Prior to delamination, presumptive neural crest cells are initially anchored to neighboring cells by tight junction proteins such as occludin and cell adhesion molecules such as NCAM and N-Cadherin. Dorsally expressed BMPs initiate delamination by inducing the expression of the zinc finger protein transcription factors snail, slug, and twist. These factors play a direct role in inducing the epithelial-mesenchymal transition by reducing expression of occludin and N-Cadherin in addition to promoting modification of NCAMs with polysialic acid residues to decrease adhesiveness. Neural crest cells also begin expressing proteases capable of degrading cadherins such as ADAM10 and secreting matrix metalloproteinases that degrade the overlying basal lamina of the neural tube to allow neural crest cells to escape. Additionally, neural crest cells begin expressing integrins that associate with extracellular matrix proteins, including collagen, fibronectin, and laminin, during migration. Once the basal lamina becomes permeable, neural crest cells can begin migrating throughout the embryo.

Migration

Neural crest cell migration occurs in a rostral to caudal direction without the need of a neuronal scaffold such as along a radial glial cell. For this reason the crest cell migration process is termed "free migration". Instead of scaffolding on progenitor cells, neural crest migration is the result of repulsive guidance via EphB/EphrinB and semaphorin/neuropilin signaling, interactions with the extracellular matrix, and contact inhibition with one another. While Ephrin and Eph proteins have the capacity to undergo bi-directional signaling, neural crest cell repulsion employs predominantly forward signaling to initiate a response within the receptor bearing neural crest cell. Burgeoning neural crest cells express EphB, a receptor tyrosine kinase, which binds the EphrinB transmembrane ligand expressed in the caudal half of each somite. When these two domains interact it causes receptor tyrosine phosphorylation, activation of rhoGTPases, and eventual cytoskeletal rearrangements within the crest cells inducing them to repel. This phenomenon allows neural crest cells to funnel through the rostral portion of each somite.

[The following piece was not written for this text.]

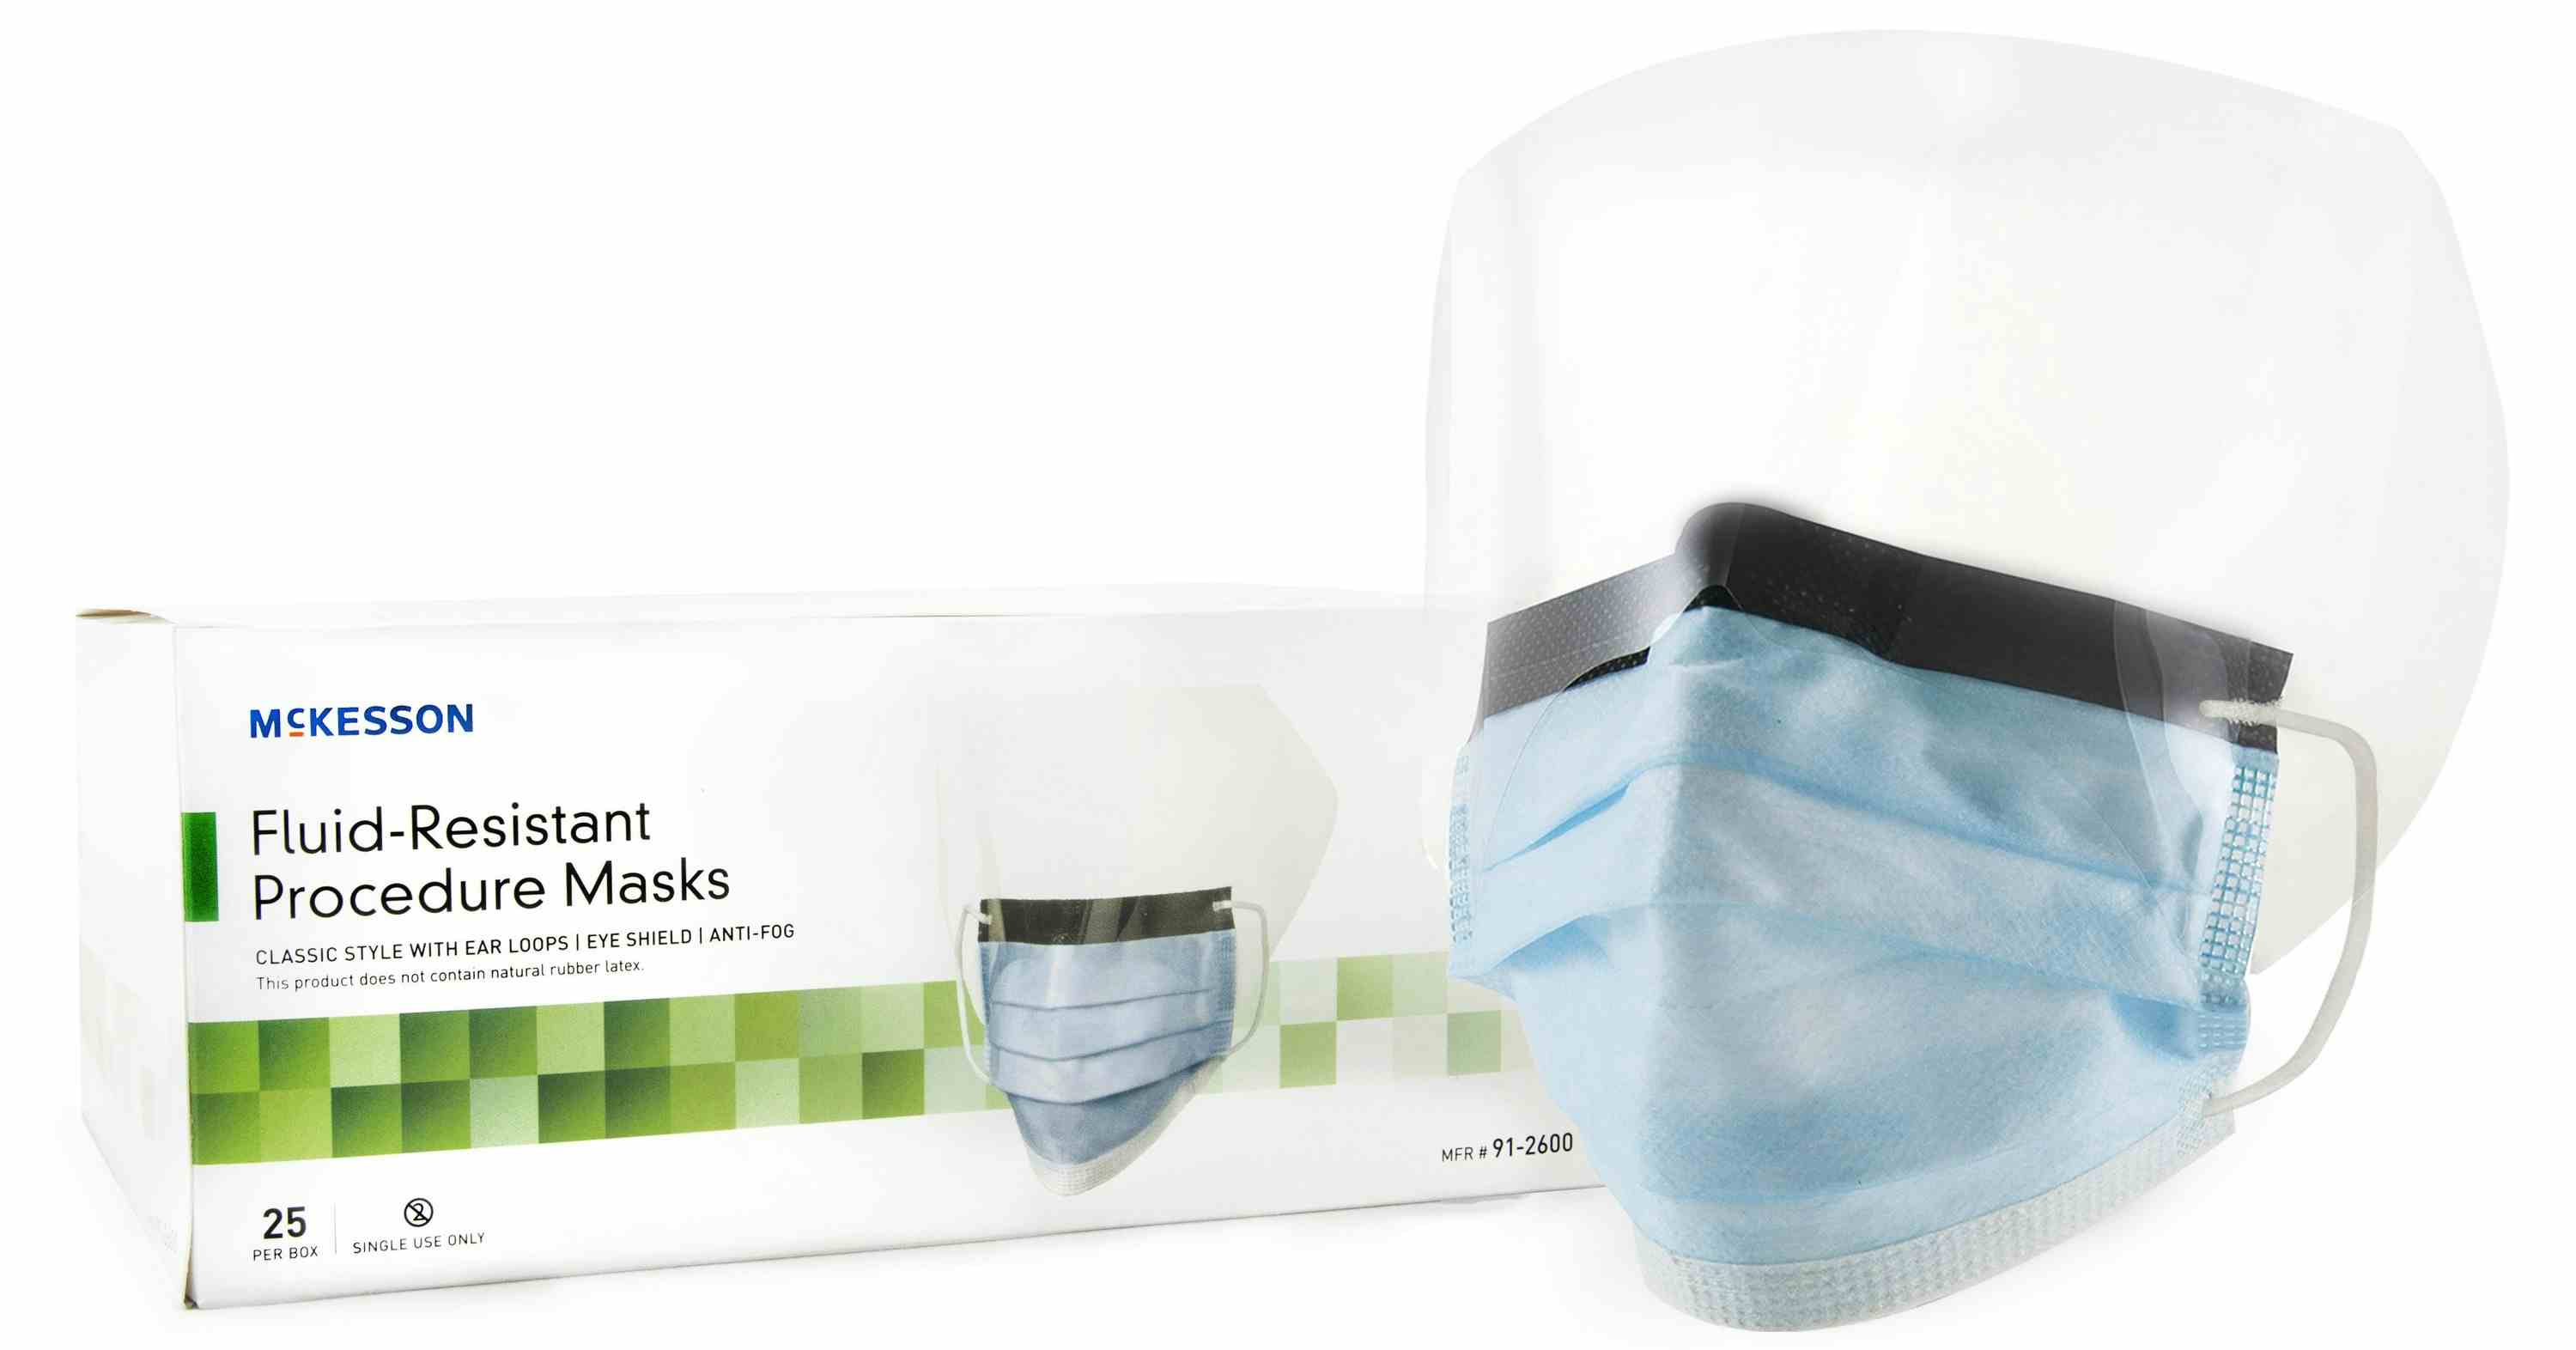 McKesson Fluid-Resistant Procedure Masks with Eye Shield, Earloops, 91-2600, Box of 25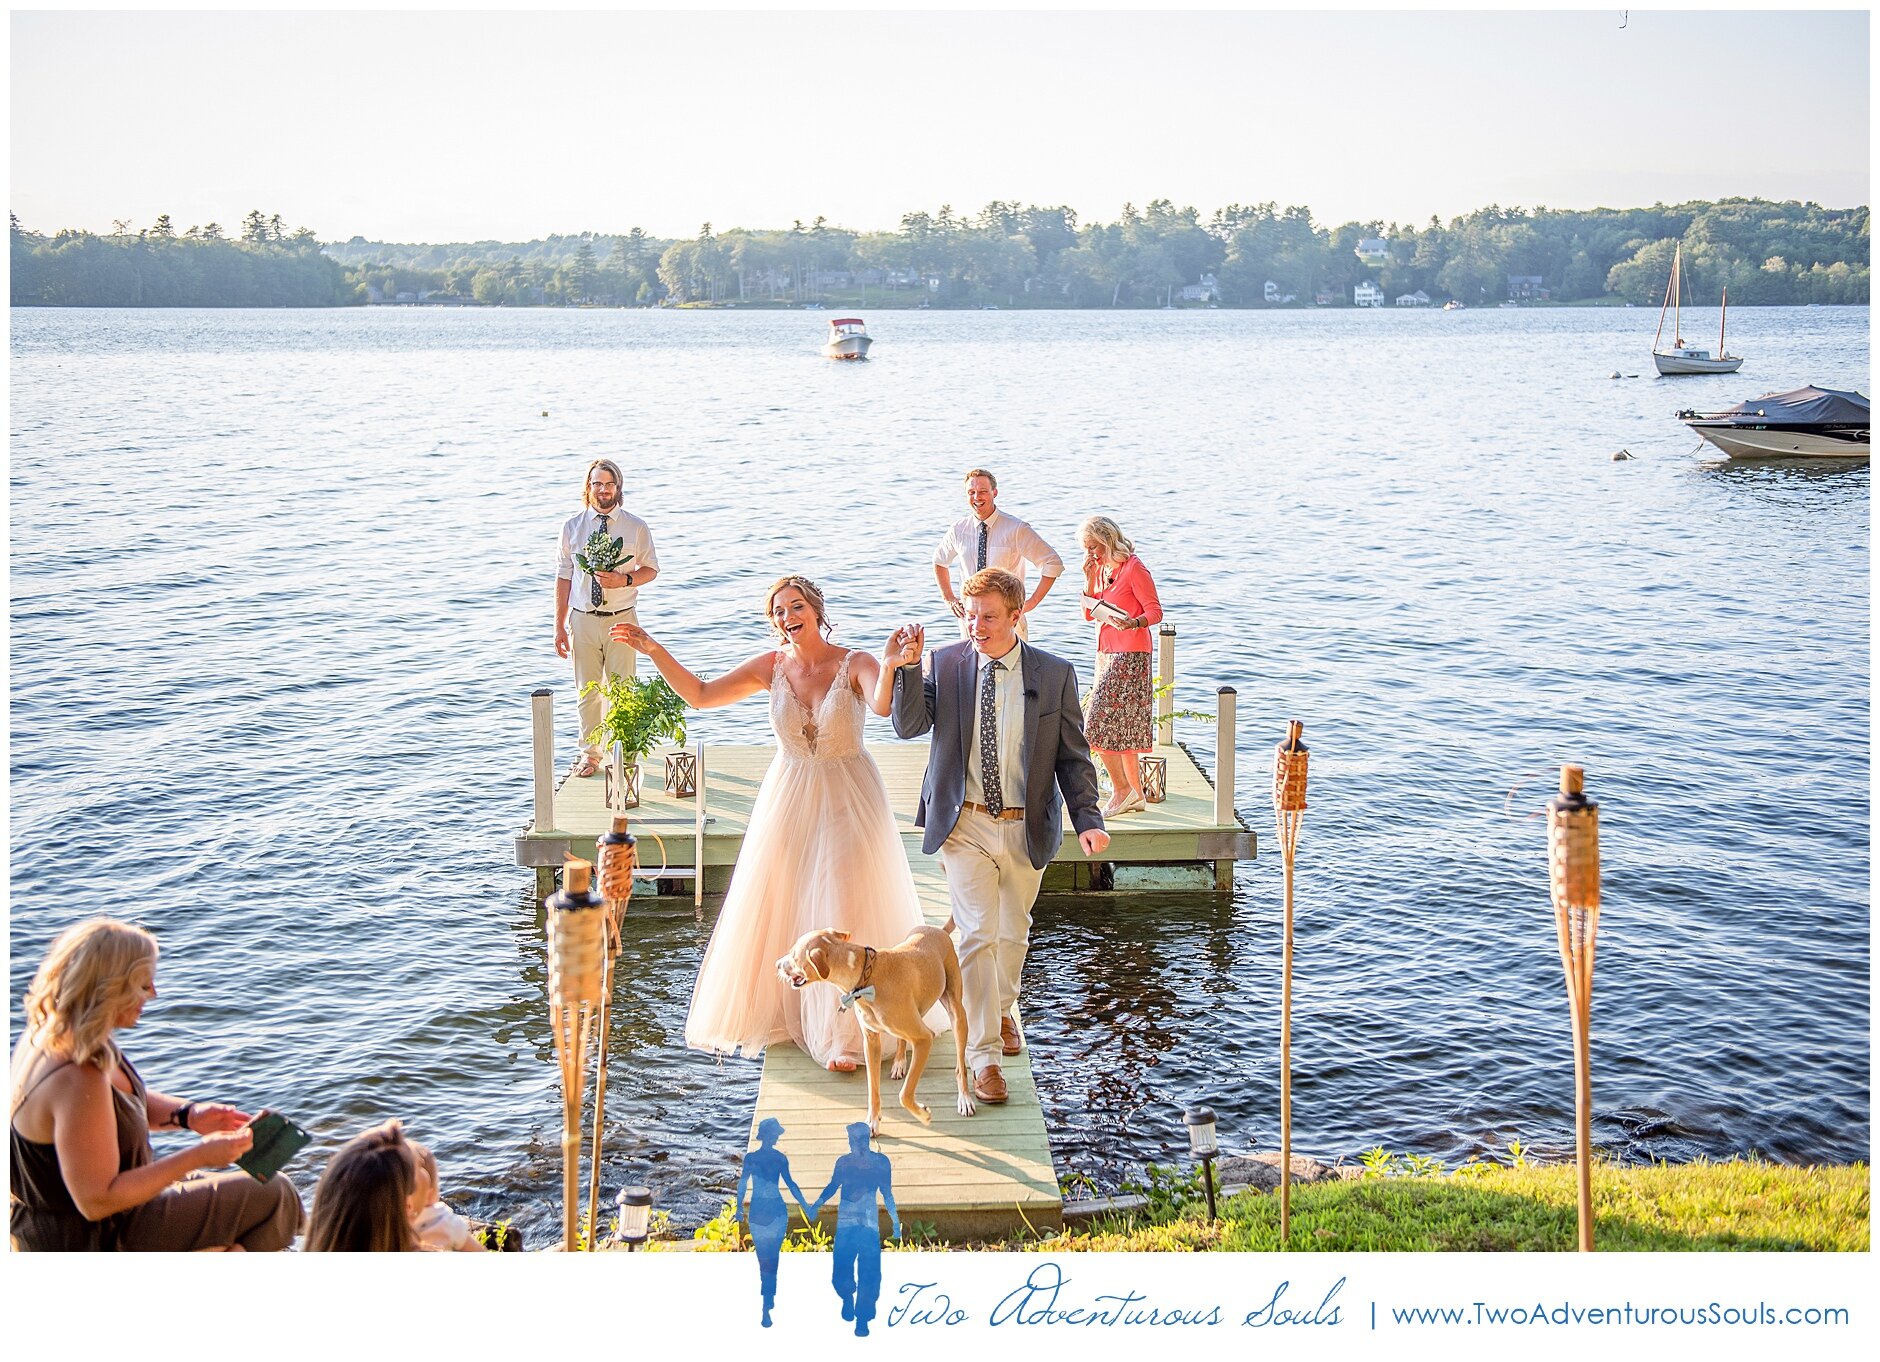 Lake Cobbosseeconte Wedding, Manchester Maine, Maine Lake Wedding Photographer, Two Adventurous Souls - 080820_0025.jpg

Semaphorin-neuropilin repulsive signaling works synergistically with EphB signaling to guide neural crest cells down the rostral half of somites in mice. In chick embryos, semaphorin acts in the cephalic region to guide neural crest cells through the pharyngeal arches. On top of repulsive repulsive signaling, neural crest cells express β1and α4 integrins which allows for binding and guided interaction with collagen, laminin, and fibronectin of the extracellular matrix as they travel. Additionally, crest cells have intrinsic contact inhibition with one another while freely invading tissues of different origin such as mesoderm. Neural crest cells that migrate through the rostral half of somites differentiate into sensory and sympathetic neurons of the peripheral nervous system. The other main route neural crest cells take is dorsolaterally between the epidermis and the dermamyotome. Cells migrating through this path differentiate into pigment cells of the dermis. Further neural crest cell differentiation and specification into their final cell type is biased by their spatiotemporal subjection to morphogenic cues such as BMP, Wnt, FGF, Hox, and Notch.